EXERCISE DESCRIPTION - The entries below contain pictures. Write out only the lines from the line with "Chihuahua Angel Chihuahua" up to and including the line with "Peanut-ginger glazed tempeh", exactly, without them.

DATA RECORDS -
▼
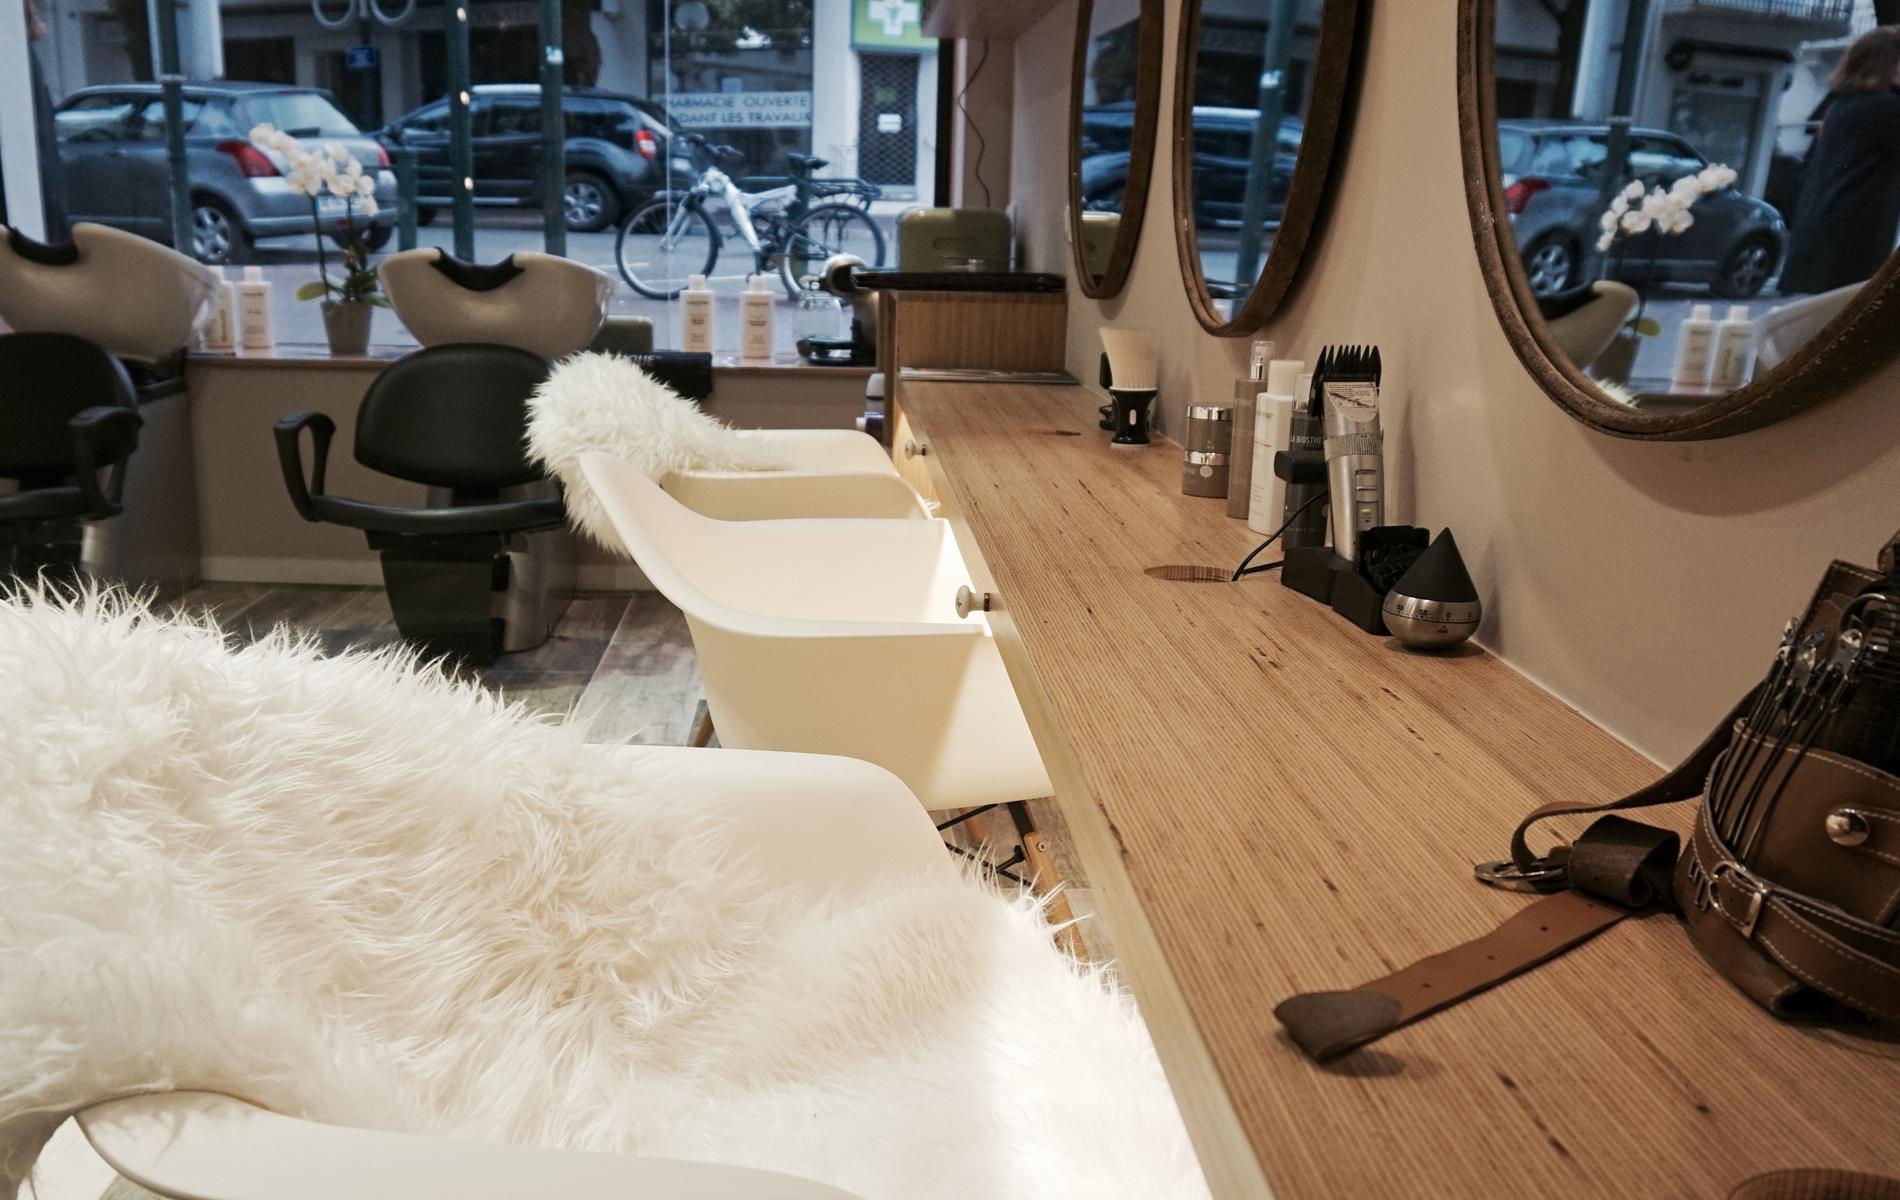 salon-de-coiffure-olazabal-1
▲
▼
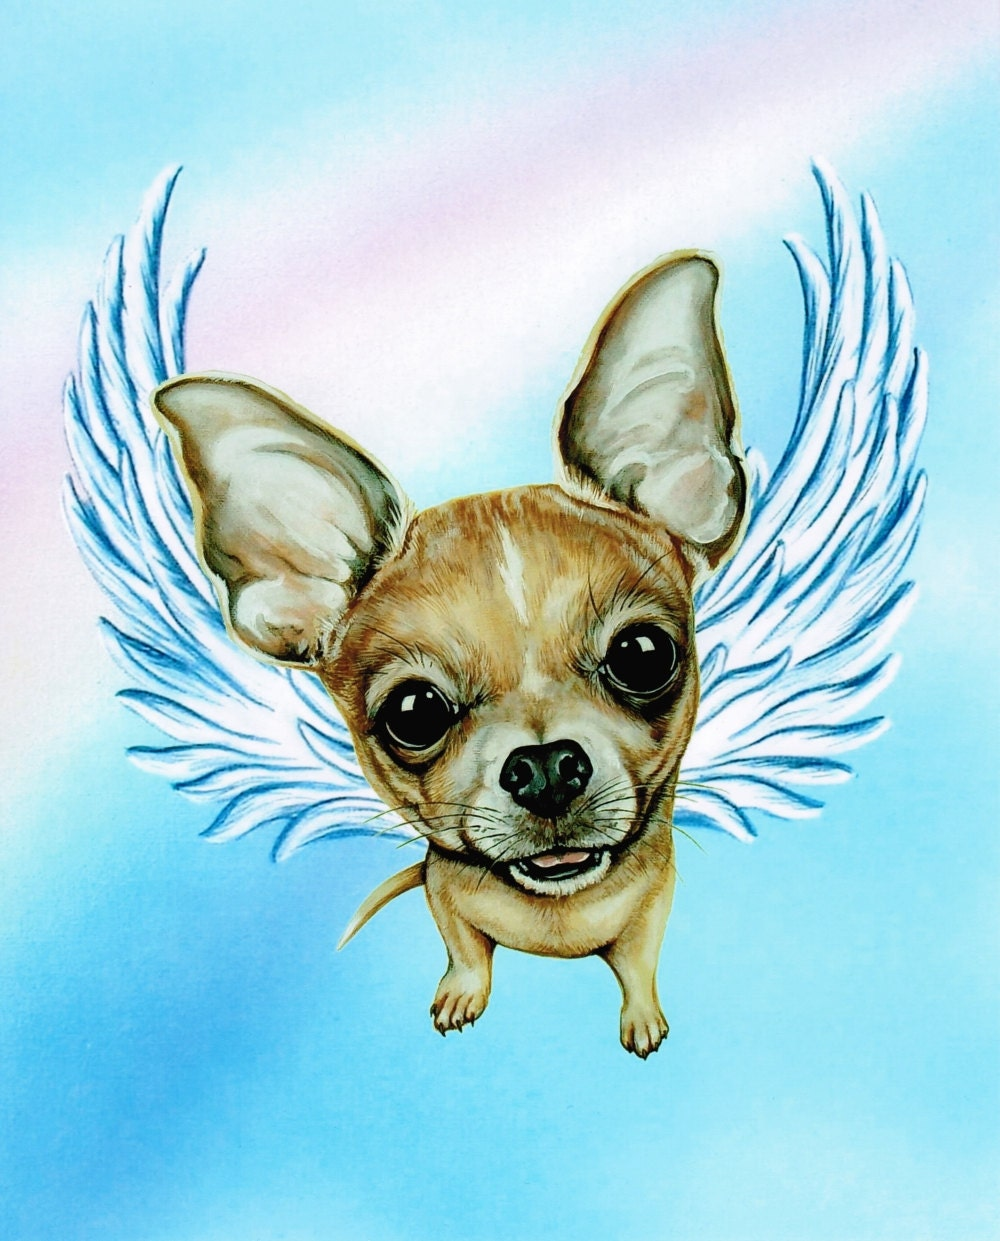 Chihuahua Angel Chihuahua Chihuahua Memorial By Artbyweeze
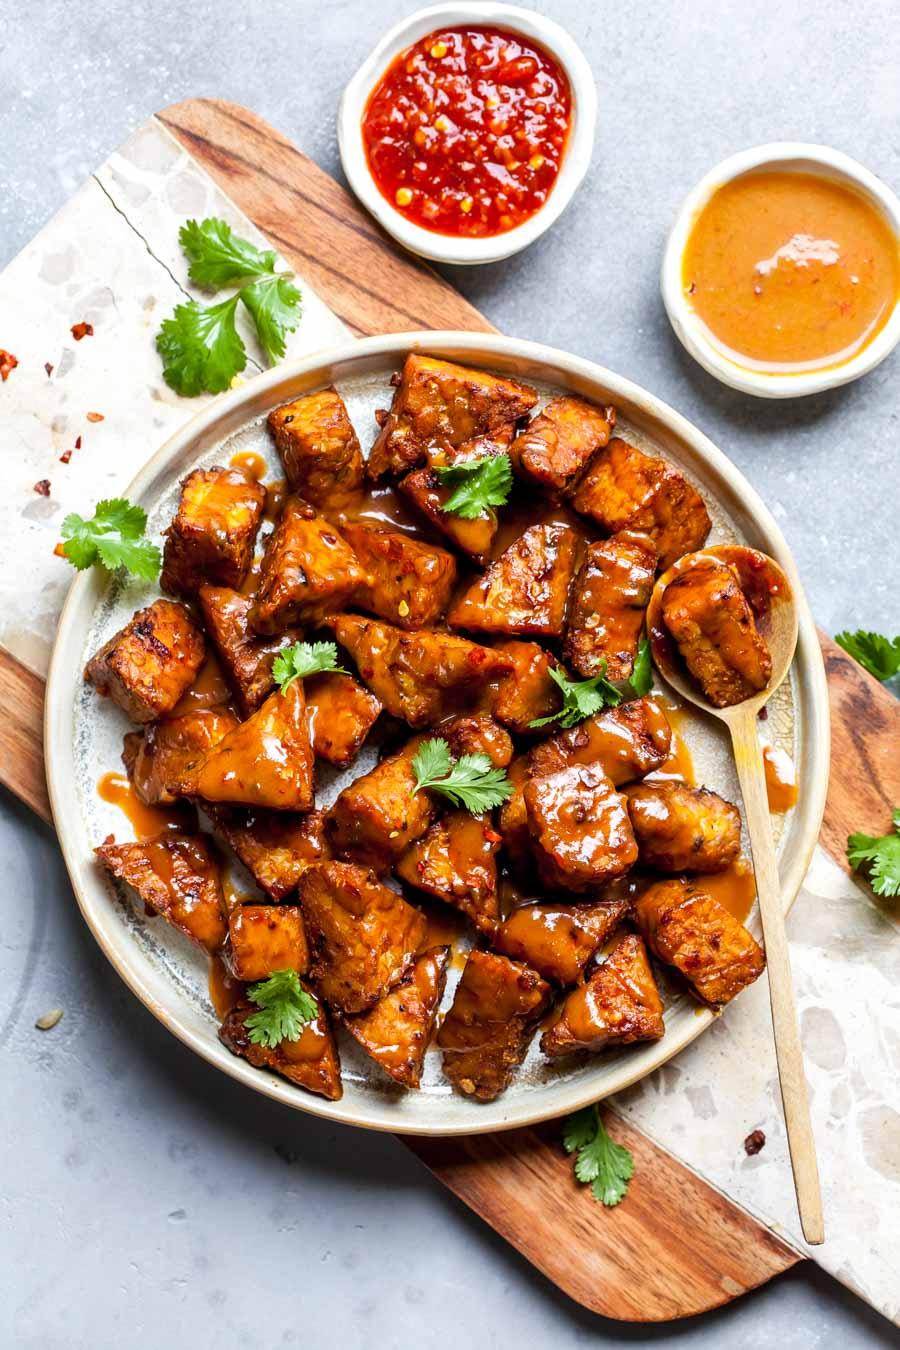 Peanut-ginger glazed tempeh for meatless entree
▲
▼
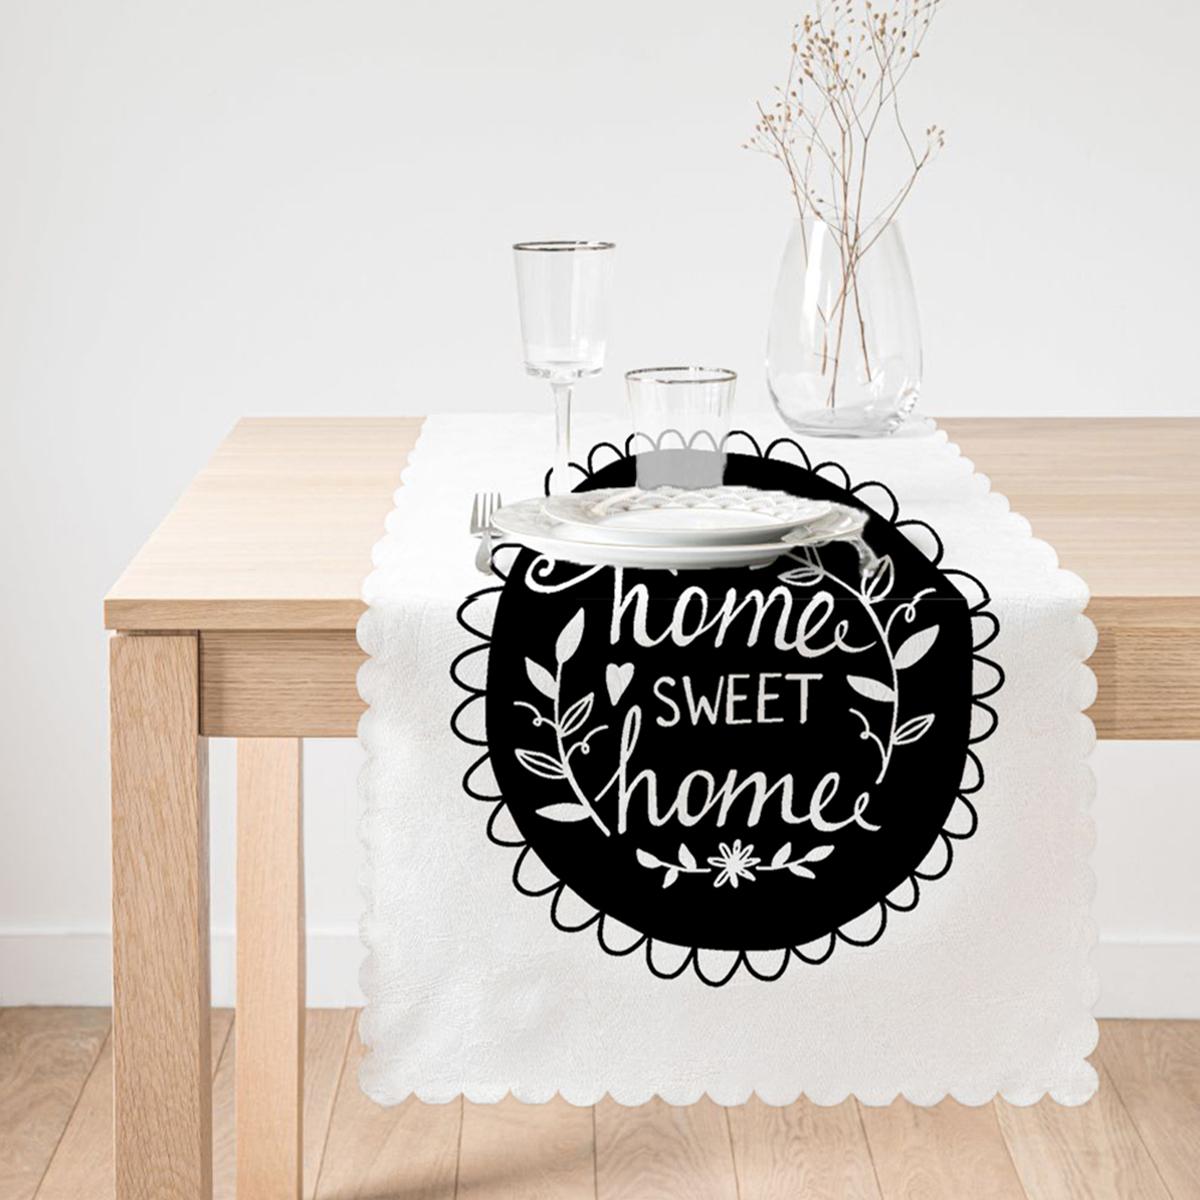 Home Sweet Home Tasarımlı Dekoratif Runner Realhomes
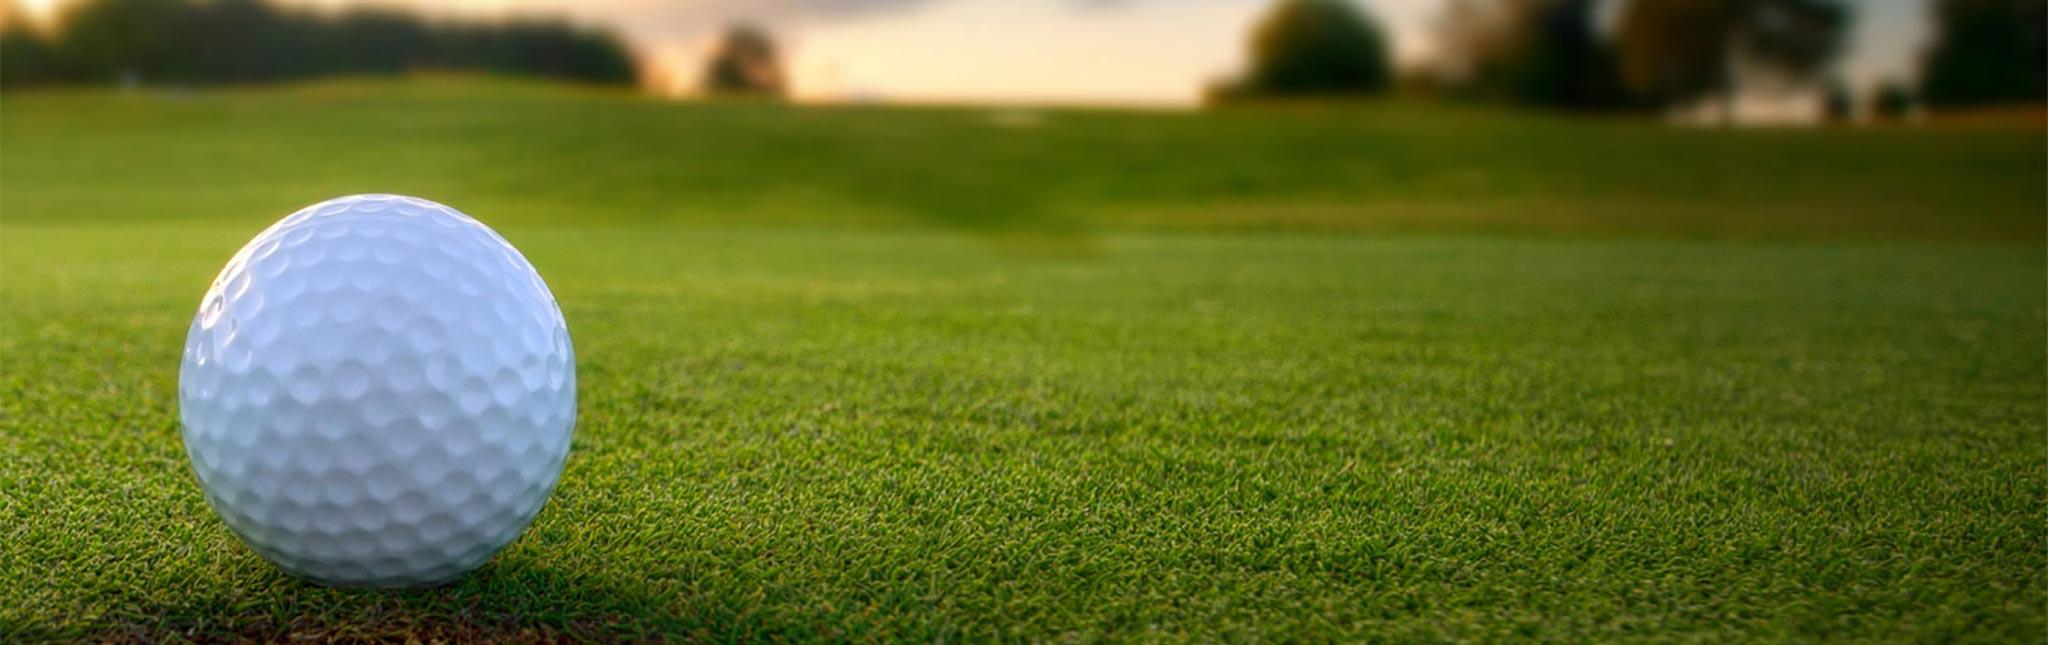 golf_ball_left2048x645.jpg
▲
EXERCISE RESULT -
 Chihuahua Angel Chihuahua Chihuahua Memorial By Artbyweeze
 Peanut-ginger glazed tempeh for meatless entree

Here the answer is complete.